En France, seul l’euro a cours légal et le prix des articles doit donc être affiché en monnaie européenne. Selon l’AMF, il est possible qu’un commerçant refuse un paiement en bitcoin, mais par contre, il ne peut pas refuser un paiement en euros. À titre d’information, il existe environ 4500 autres monnaies numériques dans le monde, mais qui n’ont pas cours légal, comme Dash, Dogecoin, Namecoin, Ether ou encore Litecoin.

 

Si vous faites partie de ceux qui croient au potentiel et à l’avenir des bitcoins, le mieux est de les garder pendant que leur cours est en pleine croissance. Selon les économistes, payer avec un bitcoin n’a pas vraiment d’intérêt si l’on habite dans un pays dont la monnaie est stable et où il n’y a pas d’inflation, comme en Europe ou aux États-Unis par exemple. Par contre, on constate que le bitcoin émerge dans certains pays, comme l’Argentine ou le Venezuela, où la monnaie s’effondre actuellement.

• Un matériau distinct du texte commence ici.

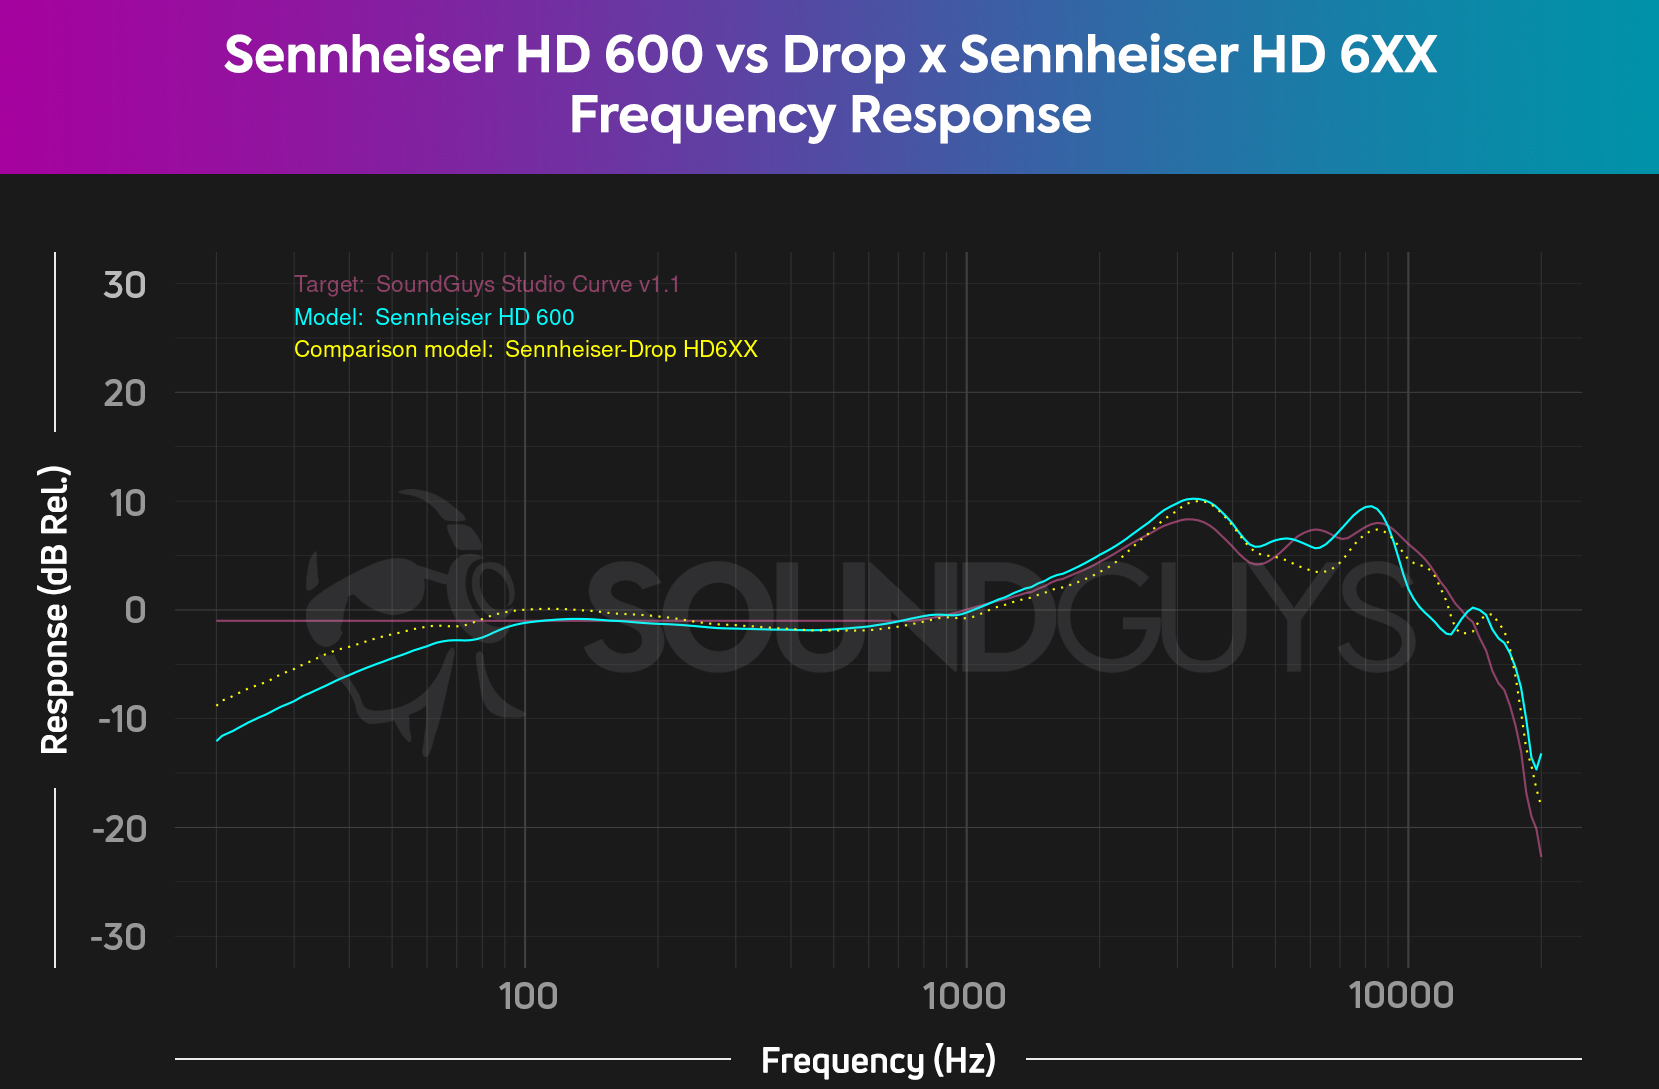 For those looking for a more inexpensive headset, the Drop x Sennheiser HD 6XX is very comparable to the Sennheiser HD 600.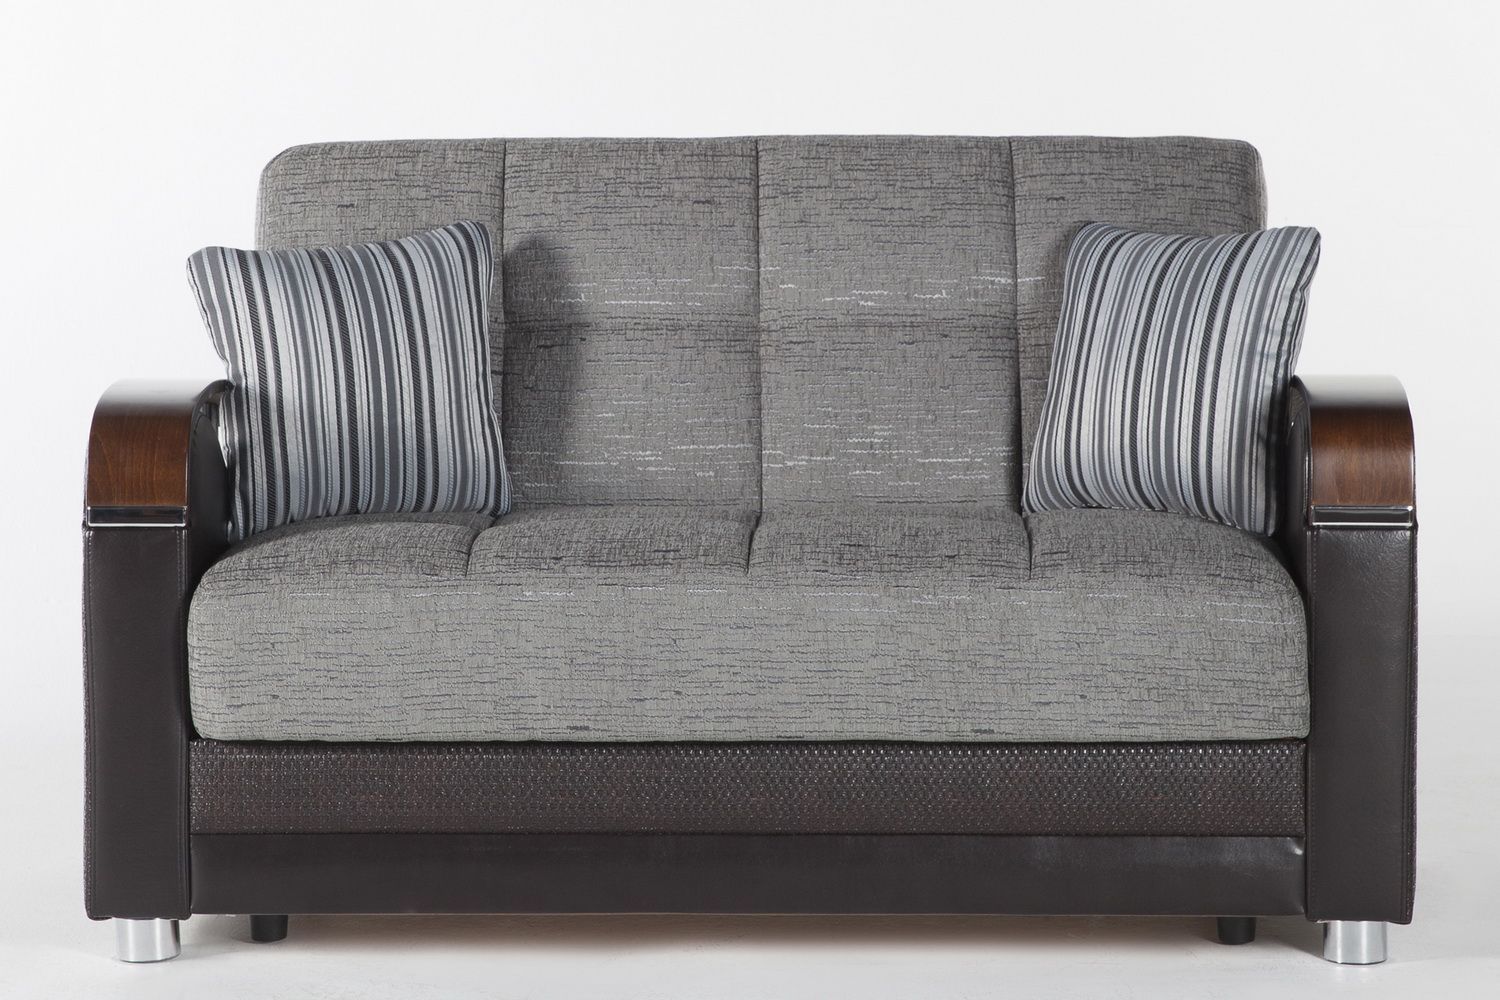 Luna Loveseat Sleeper In Fulya Graytov | Love Seat Throughout Luna Leather Sectional Sofas (View 15 of 15)

Ce sont les trafiquants qui utilisent le plus le bitcoin

C’est une idée reçue qui concerne toutes les monnaies du monde, le bitcoin n’est pas une exception. Bien que le bitcoin s’échange uniquement par internet et qu’il n’y a donc pas de billets ni de pièces, mais cela ne veut pas dire que les transactions sont anonymes. Comme précisé un peu plus haut, pour acheter un bitcoin, il faut d’abord faire un virement SEPA. Ainsi, toutes les transactions et les informations d’un utilisateur sur le réseau bitcoin sont enregistrées dans la blockchain. De plus, lorsqu’un utilisateur voudra échanger ses bitcoins contre des euros, il sera dans l’obligation de se rendre dans une banque. Là encore, Tracfin (Traitement du renseignement et action contre les circuits financiers clandestins) pourra surveiller de près la blockchain des comptes où de grosses transactions pouvant être suspectées comme étant d’origine illicite ont transité. Il faut garder cette information en tête : il est possible et facile de remonter n’importe quelle transaction.

 

Toujours est-il que certains trafiquants ont déjà utilisé le bitcoin. En 2013, par exemple, un site américain qui vendait de la drogue, fermé depuis, utilisait le bitcoin comme moyen de paiement. Malgré cet incident, le cours du bitcoin n’a pas baissé. On peut donc en conclure qu’il est parfaitement possible que ce genre de trafic soit marginal.

 

Pourtant, depuis le mois de septembre, les échanges de cryptomonnaies sont interdits en Chine. D’abord pour ne pas risquer de déstabiliser le système financier du pays, mais aussi pour éviter les activités illégales.